藤原歌劇団『ラ・チェネレントラ』
シンデレラの物語を喜劇にアレンジ
藤原歌劇団は『♪OPERA de STAY HOME(オペラ・デ・ステイホーム)』として、これまでの舞台映像を期間限定で順次無料配信中。
現在は、2018年4月公演の、ロッシーニ作曲『ラ・チェネレントラ』を配信している。「チェネレントラ」と言われてもピンと来ないかもしれないが、これはイタリア語でシンデレラのこと。そう、これはあの有名なペローの童話「シンデレラ」を、イタリア人作曲家ロッシーニがオペラ化したもの。
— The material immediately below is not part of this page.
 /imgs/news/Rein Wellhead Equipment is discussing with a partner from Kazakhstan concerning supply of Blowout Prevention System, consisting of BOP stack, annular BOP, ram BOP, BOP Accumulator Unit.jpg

ただし物語は少しアレンジされている。
第1幕の舞台は、ドン・マニフィコの邸宅。ドン・マニフィコの継子のチェネレントラは2人の姉にこき使われている。そこへ物乞いが現れ、姉たちは冷たくあしらうが、チェネレントラはパンとコーヒーを与える。実はこの物乞いは王子の先生、アリドーロの仮の姿だ。やがてラミーロ王子の使者が現れ、王子の花嫁探しのため3人の娘を宮殿に招待する。その後、この家に王子の従者がこっそりやって来るが、実は彼こそ、従者に身をやつした本物の王子で、アリドーロからここに花嫁がいると聞いて会いに来たのだ。すぐに引かれ合う二人。その後、偽の王子と従者に化けた王子が、屋敷を正式に訪問する。姉2人は偽の王子に夢中になり、舞踏会へ赴く。一方、チェネレントラはドン・マニフィコから舞踏会へ行くことを許してもらえなかったが、代わりにアリドーロが連れて行く。
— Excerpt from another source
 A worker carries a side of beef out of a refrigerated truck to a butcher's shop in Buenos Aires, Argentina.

第2幕の舞踏会では、姉たちが王子に結婚を迫る。一方、チェネレントラは愛する従者が実は王子だと知らぬまま、自分を口説いてきた偽の王子に「あなたの従者を愛している」と言う。従者にふんした王子は喜んで結婚を申し込むが、チェネレントラは自分を見つけ、普段の姿を見て決めてほしいと伝え、去る。
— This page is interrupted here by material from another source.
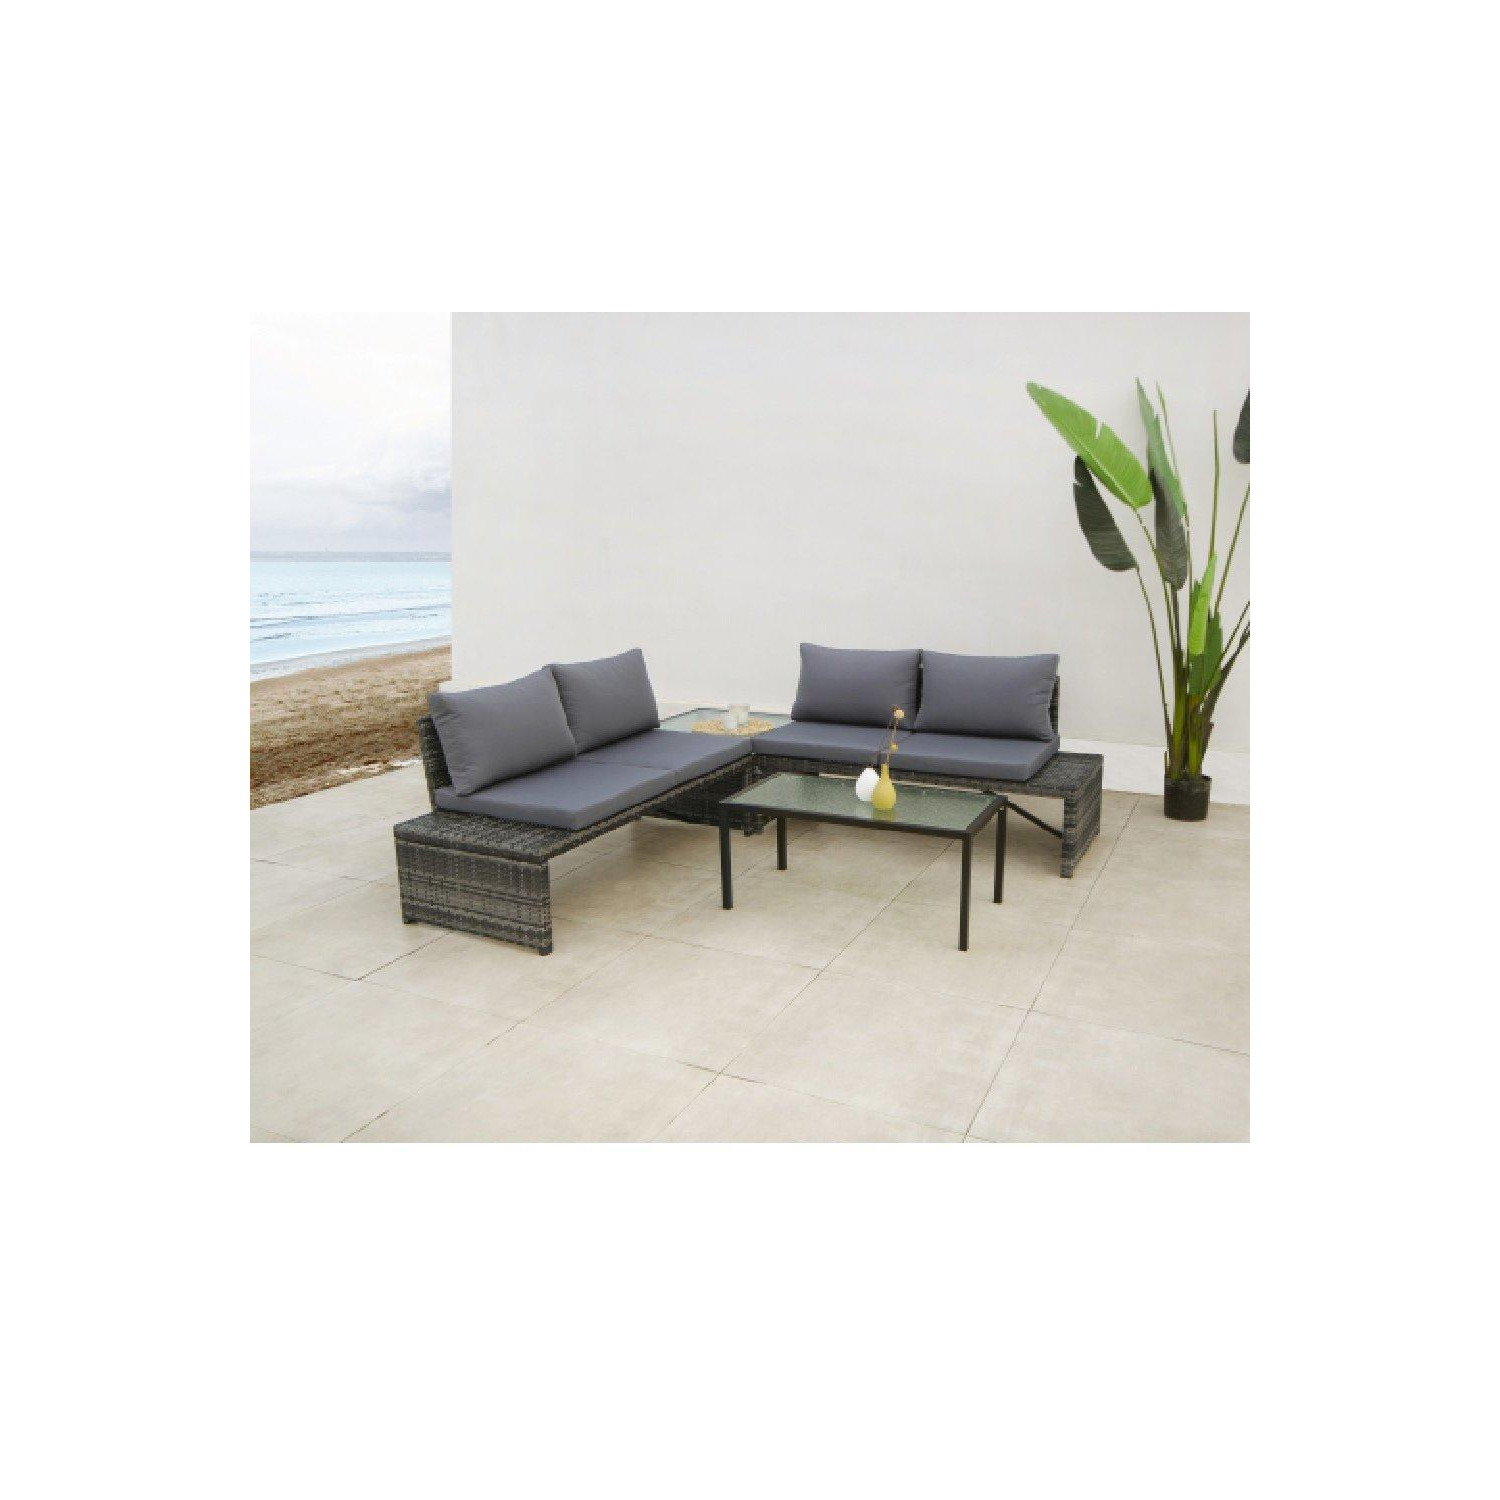 Filippo Rattan Lounge Set with Tempered Glass Table Top - image 1

第3幕。再びドン・マニフィコ邸。チェネレントラのもとに、元の姿に戻った王子と従者が現れ、めでたく結婚となる。
「オペラ・ブッファ」(喜歌劇)と呼ばれ、早口での歌や抱腹絶倒の人間模様も楽しい作品だ。イタリア人演出家フランチェスコ・ベッロットが演出した藤原歌劇団のプロダクションでは、舞台は大きなペローの本が開かれた机の上。チーズを持ったネズミたちが恋を見守ったり、姉たちが二人して大きな鉛筆を運んだり、王子の家来たちが巨大なトランプを持っていたりと、観ていて飽きない。園田隆一郎指揮、テアトロ・ジーリオ・ショウワ・オーケストラの軽快な演奏の中で繰り広げられる、ロッシーニならではの、超絶技巧あふれる歌の数々を味わおう。
5月21日(木)14時まで、日本語字幕付き。